If this tax were confined to a tax upon the profits of limited liability companies which are making 10, 15, 20, or more, per cent. or, as we heard yesterday, 500 per cent., and the tax fell upon the ordinary shareholder, personally, I would see not hardship at all of the ordinary shareholder being called upon to pay this tax out of a large dividend. But this tax falls not only upon companies which pay these huge dividends; it falls upon every railway company in the kingdom—companies which have not paid more than 1, 2, 3, or 5 per cent, on their ordinary shares for a great number of years. Let me take a specific case—that of the Hull and Barnsley Railway Company. It contains a very large number of small shareholders who subscribed their money locally in order that this railway might be constructed. For many years past the railway has paid, I think, only 3 per cent, on its ordinary shares. The effect of this tax will be that out of that 3 per cent, the ordinary shareholder will have to pay this very large tax. Now in the case of the Hull and Barnsley it will be, let us say, two shillings. Take every class of railway in the country. Are there any paying more than 3, 4, or, it may be, 6 per cent.?

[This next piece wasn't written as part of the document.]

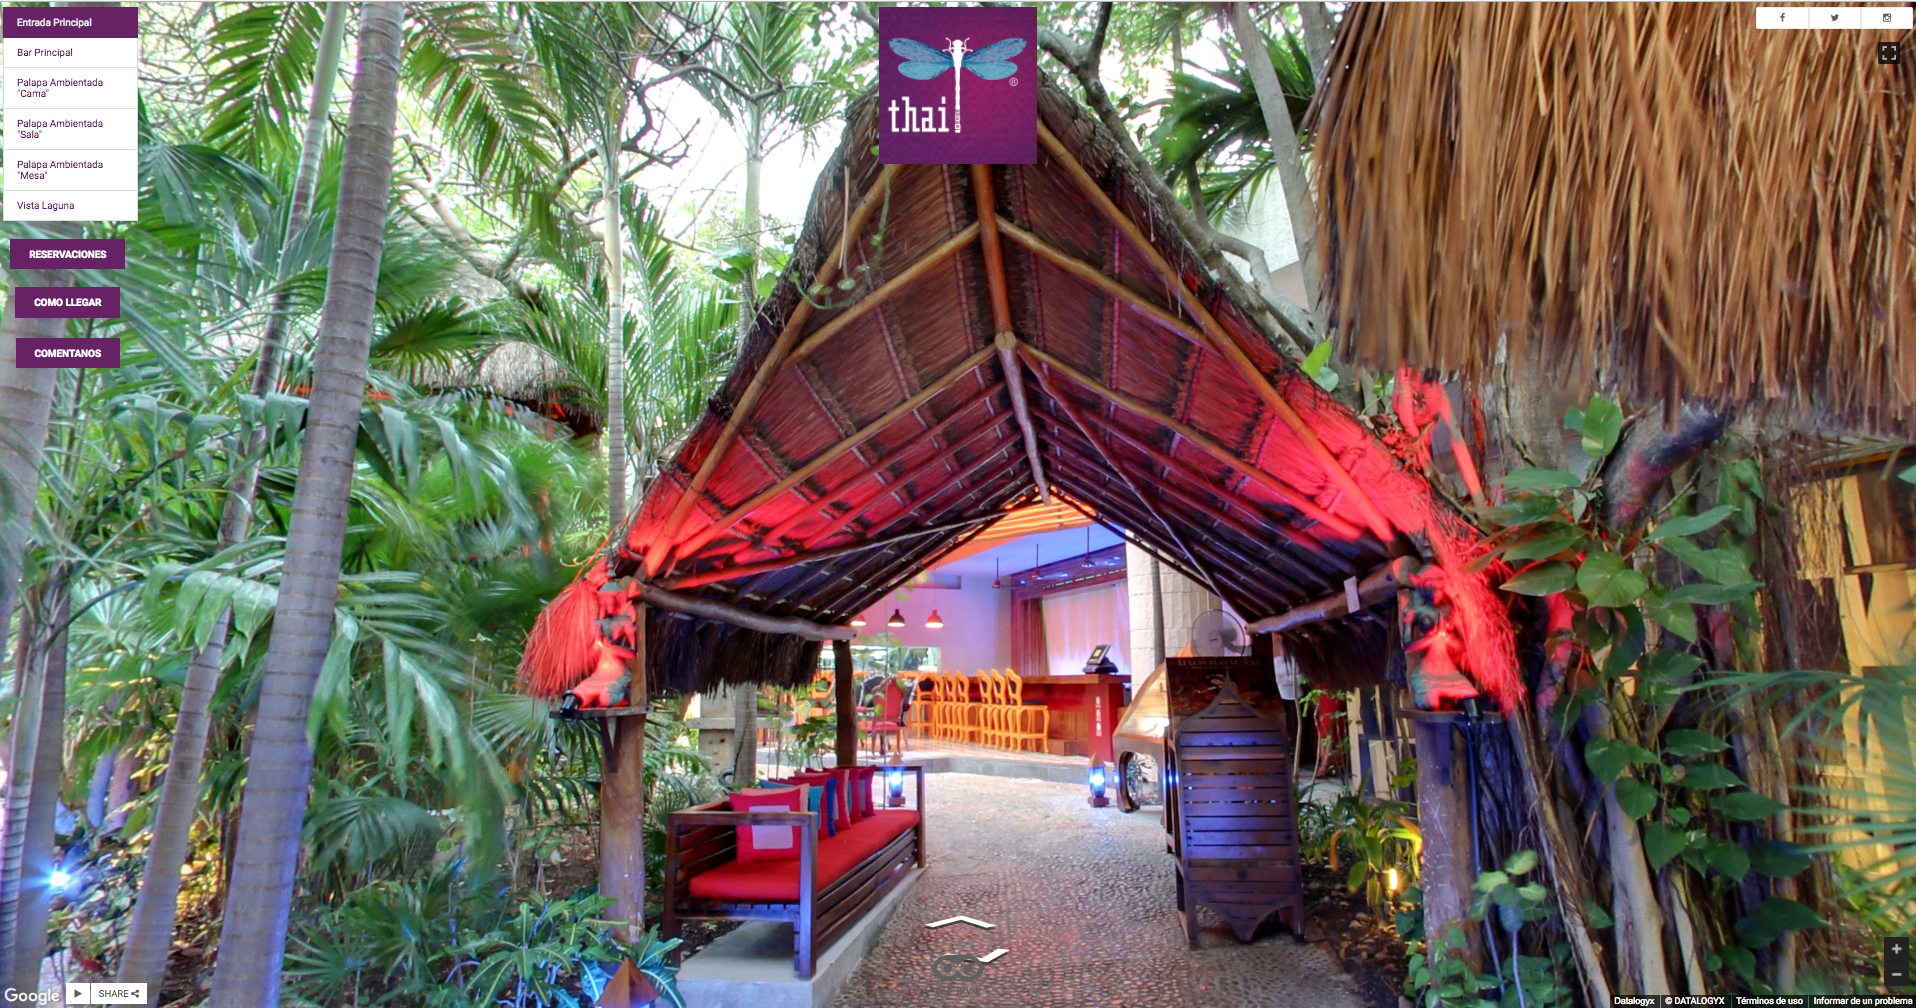 Restaurante-Thai-Cancun-cdmx-coapa-recorrido-virtual-google-street-view-concesionaria-datalogyx

Take the case of gas and water companies. Whatever they earn, they are prevented by Statute from paying more than a certain dividend. Yet the share- holders in these companies will have to pay their Corporation Profits Tax at the same rate as the other companies which are earning 200 or 500 per cent. Take, again, a very large class of limited companies who now and for many years have been paying relatively small dividends of 4 or 5 per cent.—because, although we have heard a great deal about the profits made during the War, it is not every limited company which has made these enormous profits. There are many small companies, consisting of small shareholders, who have not been making more than their 4 or 5 per cent, on the ordinary shares. Yet again, there is no distinction between them and the richer companies. That really is not all, because there are numbers of railway companies in this country who have divided up their ordinary shares into preferred and deferred. I think the Midland, the Great Northern, and a considerable number of the Scottish railways have done this. What is the effect in these cases? The preferred ordinary shareholders will get their full rate of dividend notwithstanding the Corporation Profits Tax. The deferred ordinary shareholders will have to pay at the rate which will fall upon them as if they had not been separated, and as if all the shares were ordinary. These deferred ordinary shareholders in some railway companies will have to pay from 5s. 6d. to 6s. in the £ on the amount of the dividend they have received. I hardly think that is intended by my right hon. Friend, and I hope he will consider it at a later stage of the Bill. Let him keep the tax for the big dividend-paying companies, but in the case of the small companies paying 5 or 6 per cent. let him exempt them, and make the companies and the shareholders who really can afford it pay. What I would suggest is that, where a company has for an average during the last five years paid no more than 5 or 7 per cent., that company should be exempt from this tax.

That does not meet my point at all. The tax would be on the profits of the company, that is not only the sum divided amongst the shareholders or the parties interested, but also the sums placed to reserve by the companies, and if they paid 5 per cent., what does the hon. Gentleman mean? Five per cent. on what? Is it on the nominal capital as shown in the balance sheet? Because that would be a far greater injustice. Take the railway companies, and compare them with a business where a great part of the capital employed has been found out of the profits. You must allow the balance sheet to be re-opened, and that brings you to the valuation of capital in any concern.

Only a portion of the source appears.